- WHAT NEEDS TO BE DONE: Retype exactly what appears below from the line containing "znakovi s izraženom" down to the line containing "actriz francesa Emmanuelle", keeping both end lines. Do not include pictures.

- RECORDS PROVIDED:
BEGIN

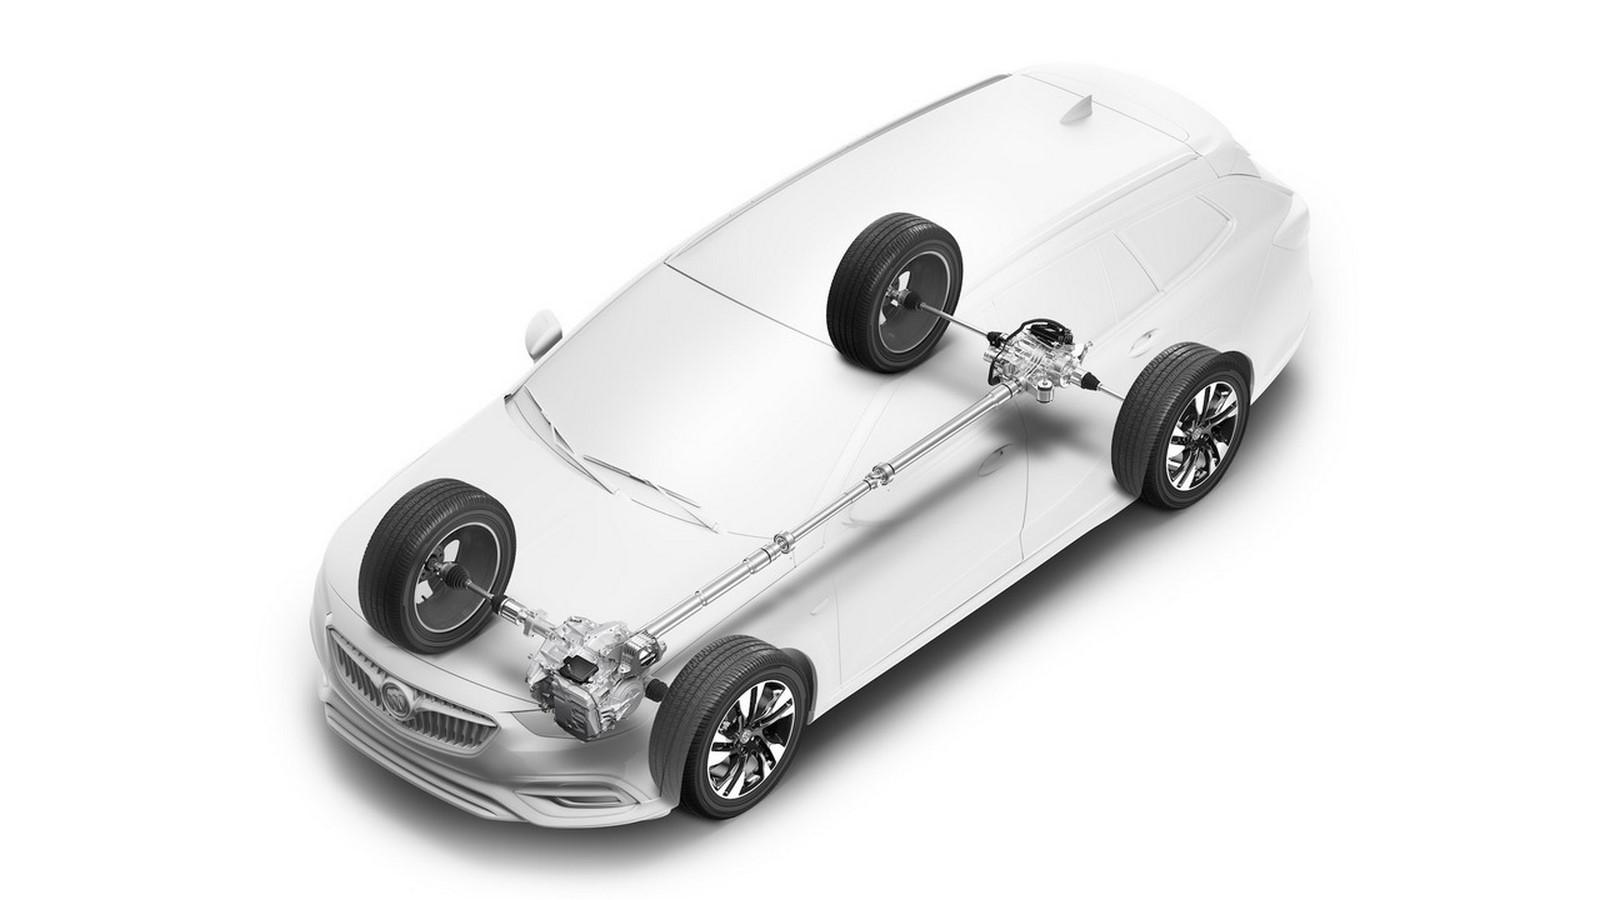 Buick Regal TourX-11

END
BEGIN

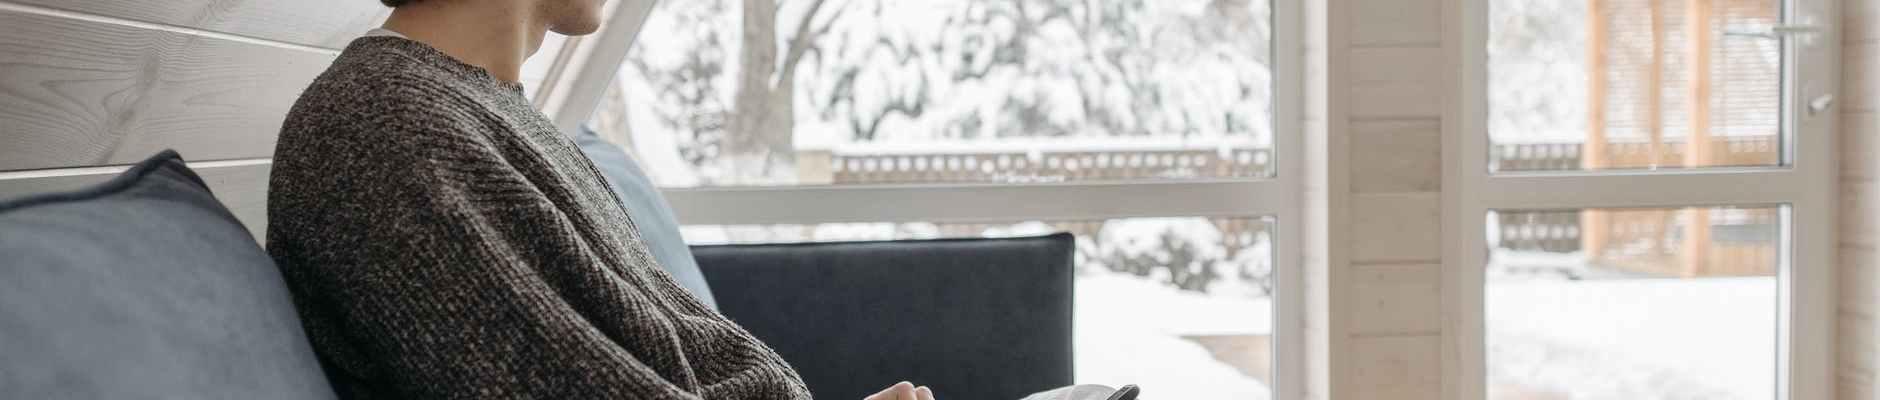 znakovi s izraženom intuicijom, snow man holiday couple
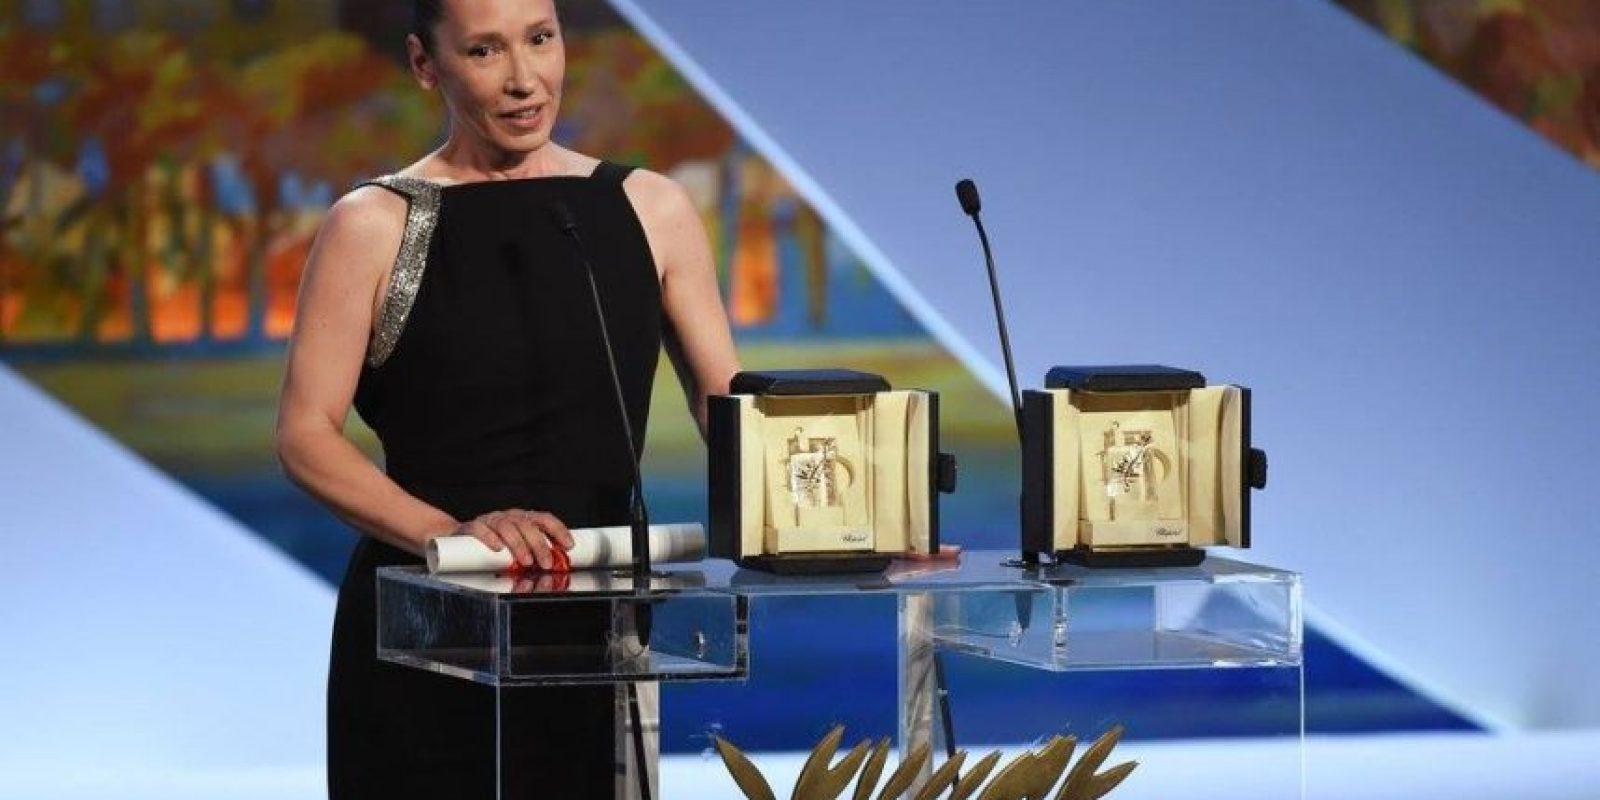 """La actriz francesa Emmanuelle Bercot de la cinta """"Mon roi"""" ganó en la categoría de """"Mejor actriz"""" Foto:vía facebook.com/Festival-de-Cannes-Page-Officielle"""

END
BEGIN

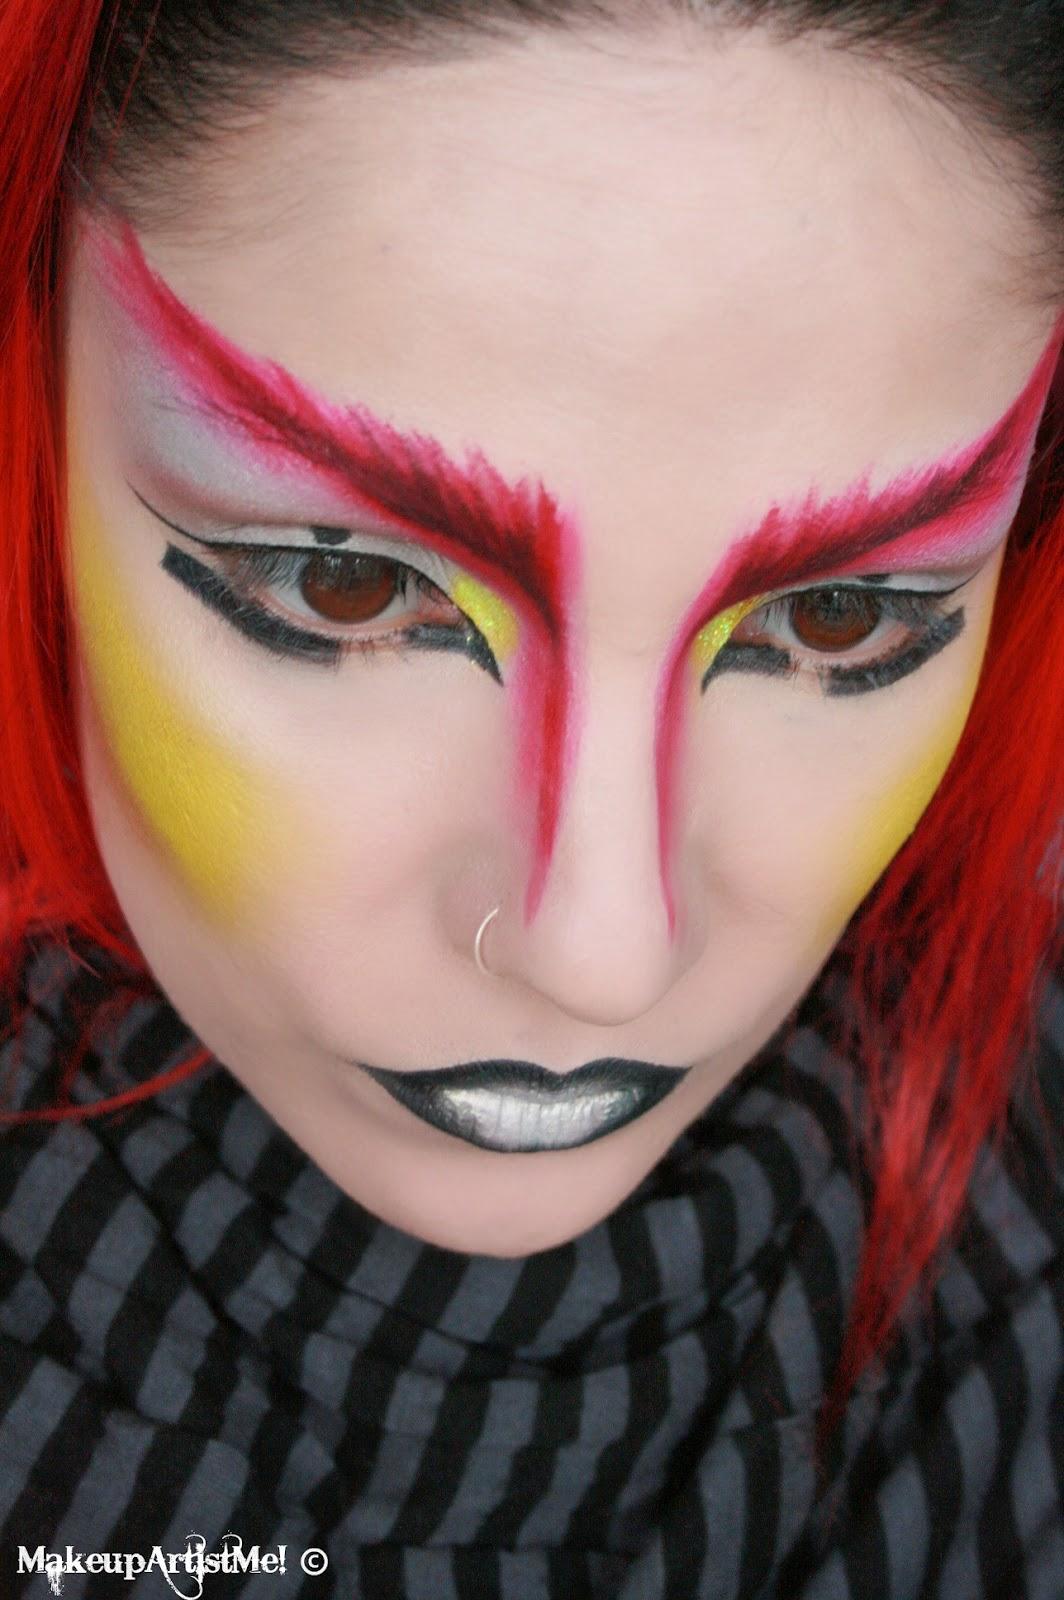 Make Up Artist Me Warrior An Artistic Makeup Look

END

- COMPLETED TASK:
 znakovi s izraženom intuicijom, snow man holiday couple
 """La actriz francesa Emmanuelle Bercot de la cinta """"Mon roi"""" ganó en la categoría de """"Mejor actriz"""" Foto:vía facebook.com/Festival-de-Cannes-Page-Officielle"""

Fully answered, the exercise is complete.